▶ Assignment
Images do not belong in the copy. Set down all the entries exactly.

▶ Task inputs
= = = = =

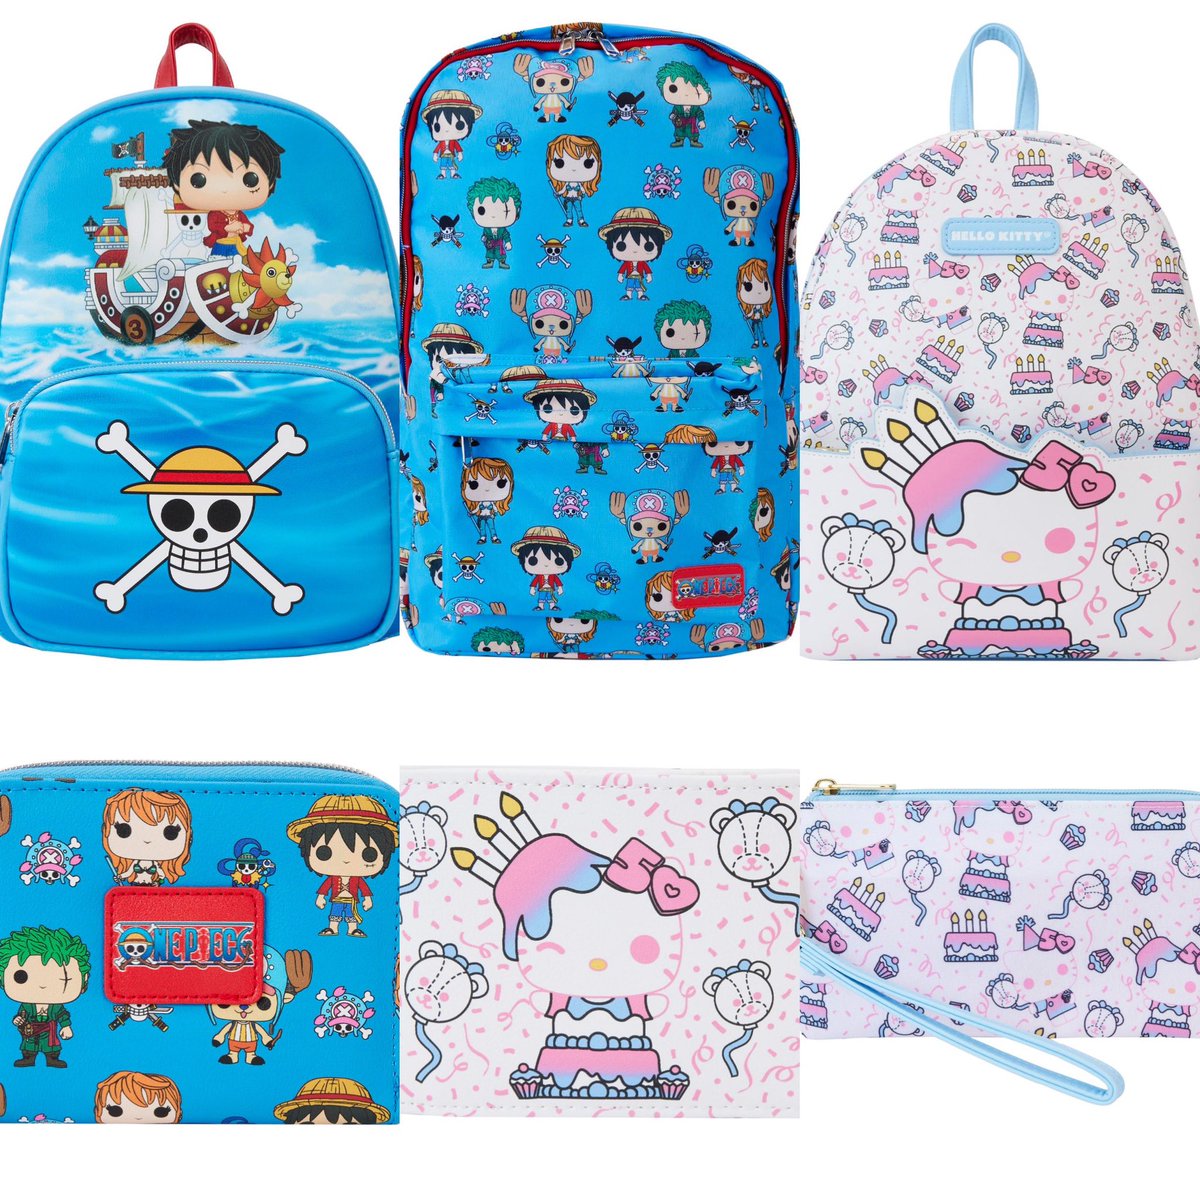 Preorder Now: One Piece & Hello Kitty Backpacks & Wallets at Entertainment Earth! #Ad #OnePiece #HelloKitty
.
entertainmentearth.com/s/?query1=Funk…
.
#Funko #FunkoPop #FunkoPopVinyl #Pop #PopVinyl #Collectibles #Collectible #FunkoCollector #FunkoPops #Collector #Toy #Toys #DisTrackers
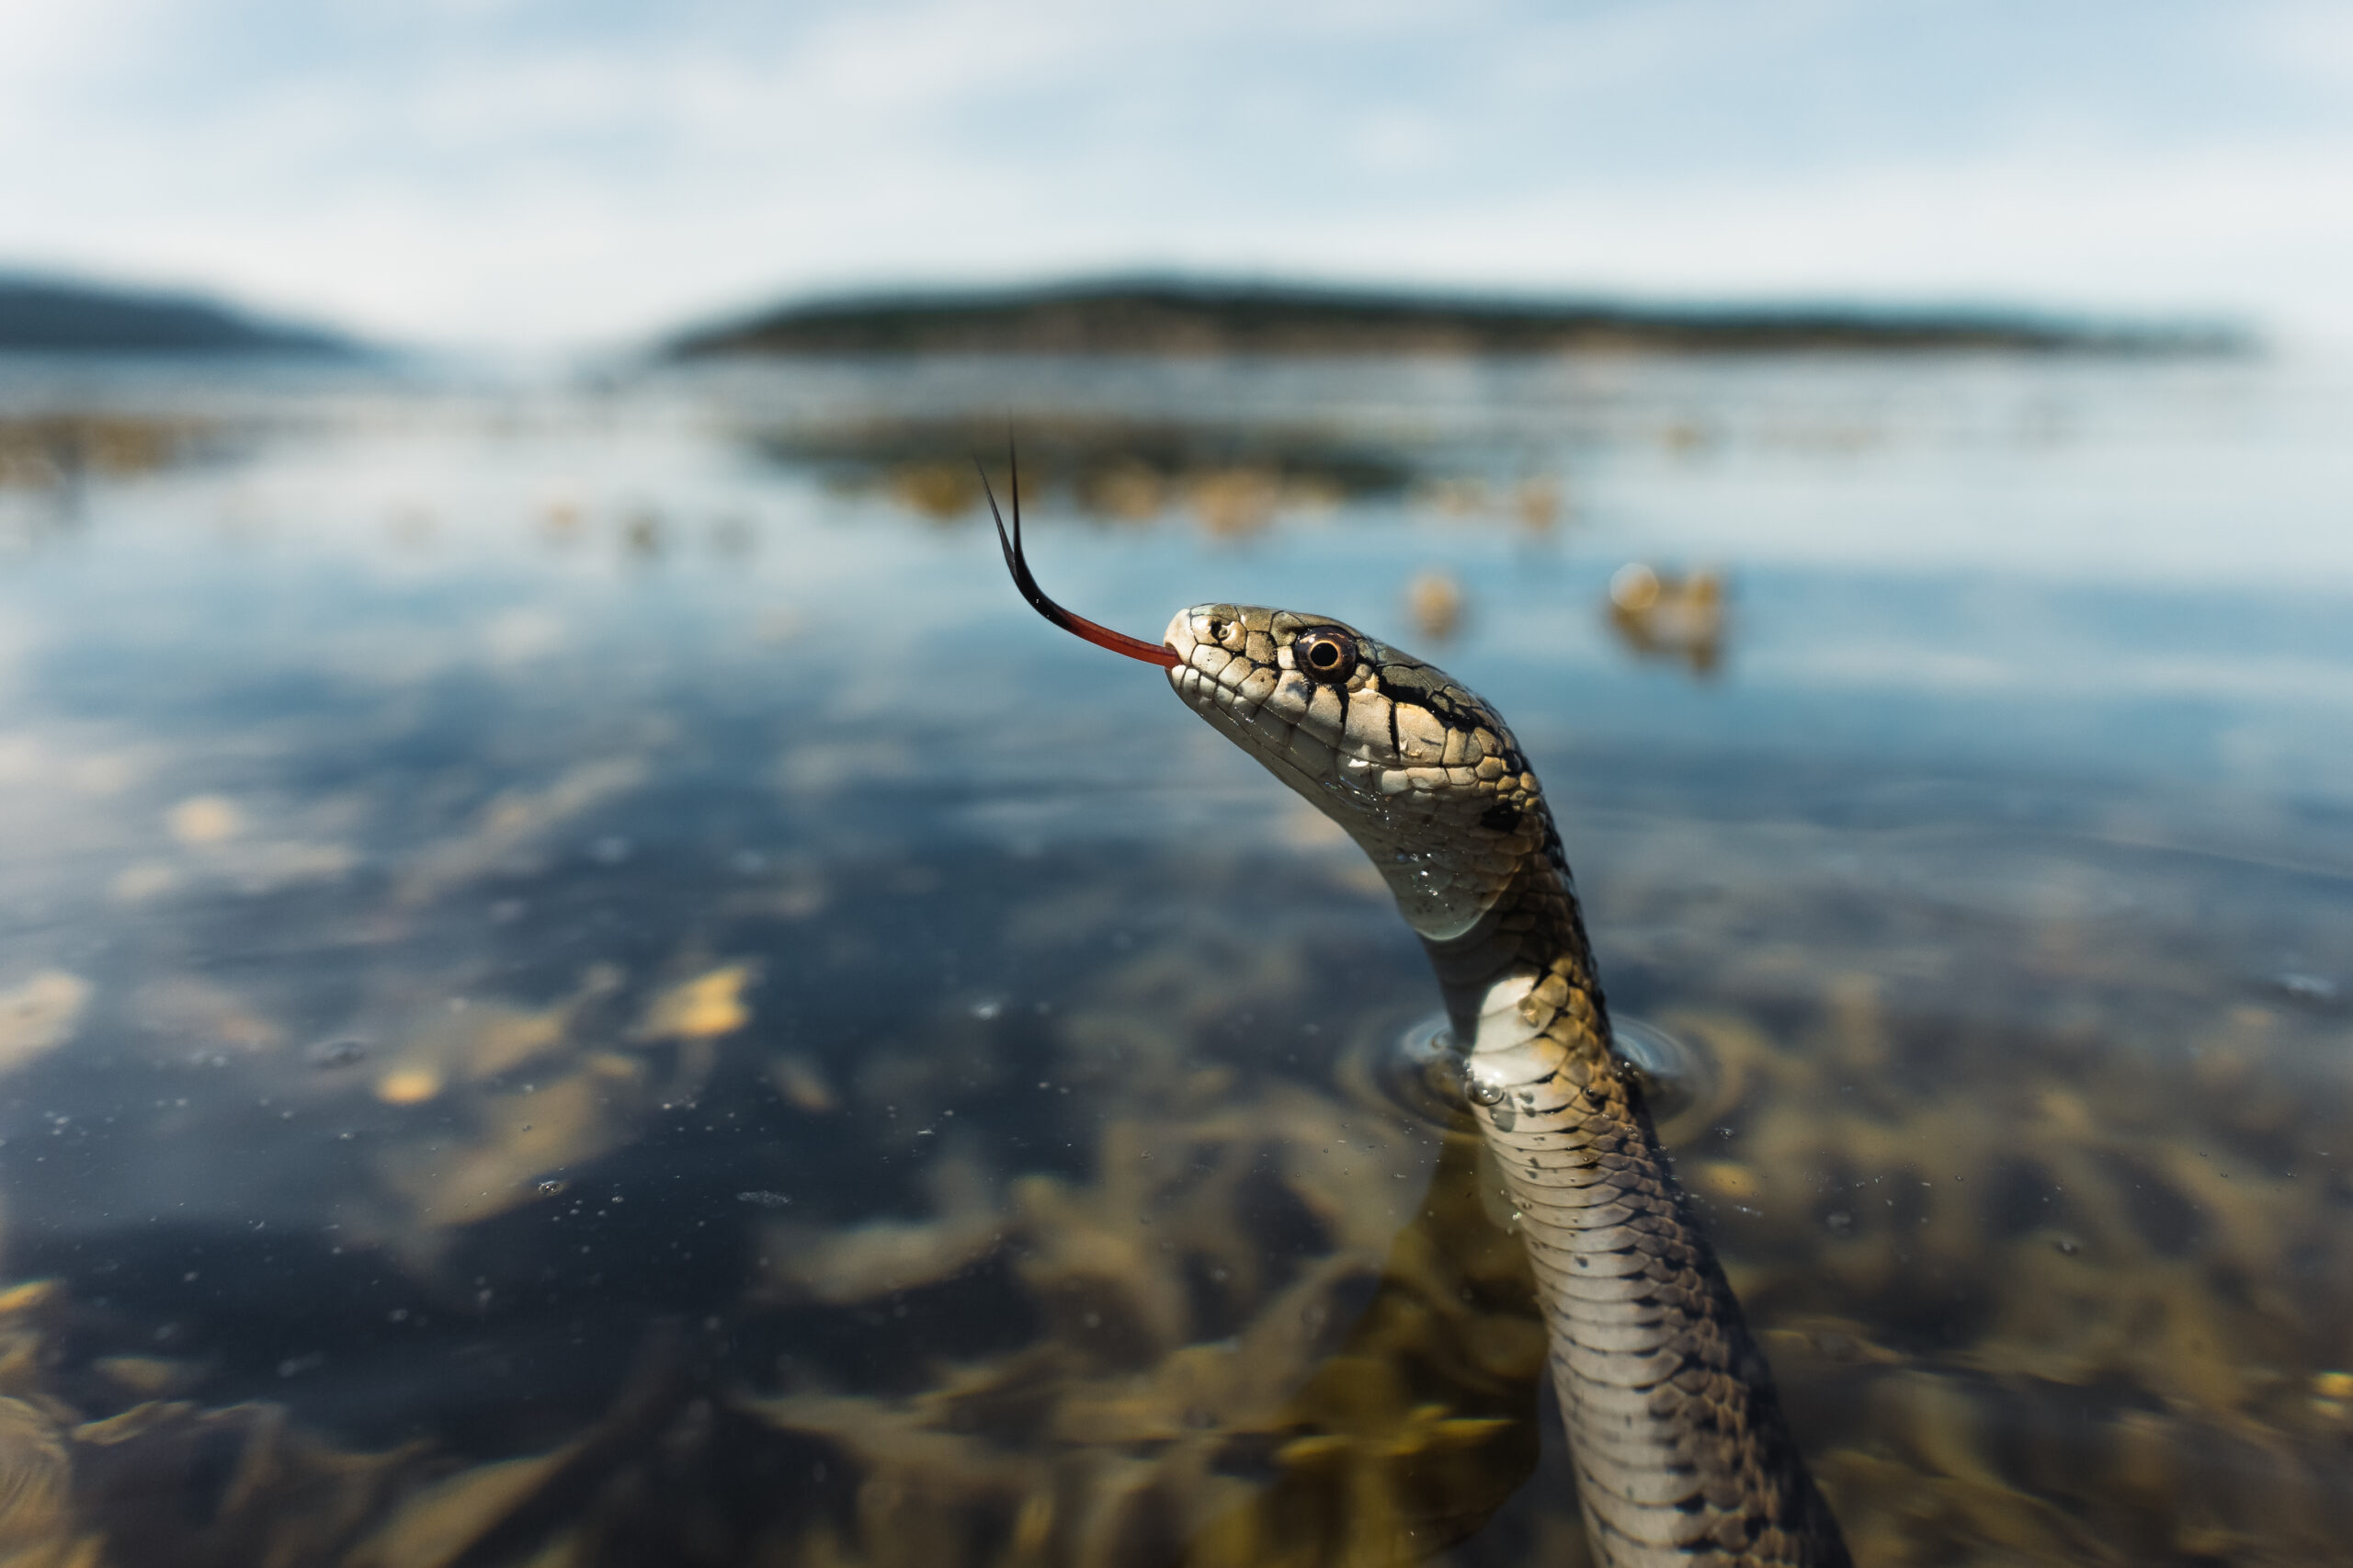 A photo of the Salish serpent snake with its head emerging from the lake and its forked tongue out

= = = = =

▶ Result for this exercise
 Preorder Now: One Piece & Hello Kitty Backpacks & Wallets at Entertainment Earth! #Ad #OnePiece #HelloKitty
.
entertainmentearth.com/s/?query1=Funk…
.
#Funko #FunkoPop #FunkoPopVinyl #Pop #PopVinyl #Collectibles #Collectible #FunkoCollector #FunkoPops #Collector #Toy #Toys #DisTrackers
 A photo of the Salish serpent snake with its head emerging from the lake and its forked tongue out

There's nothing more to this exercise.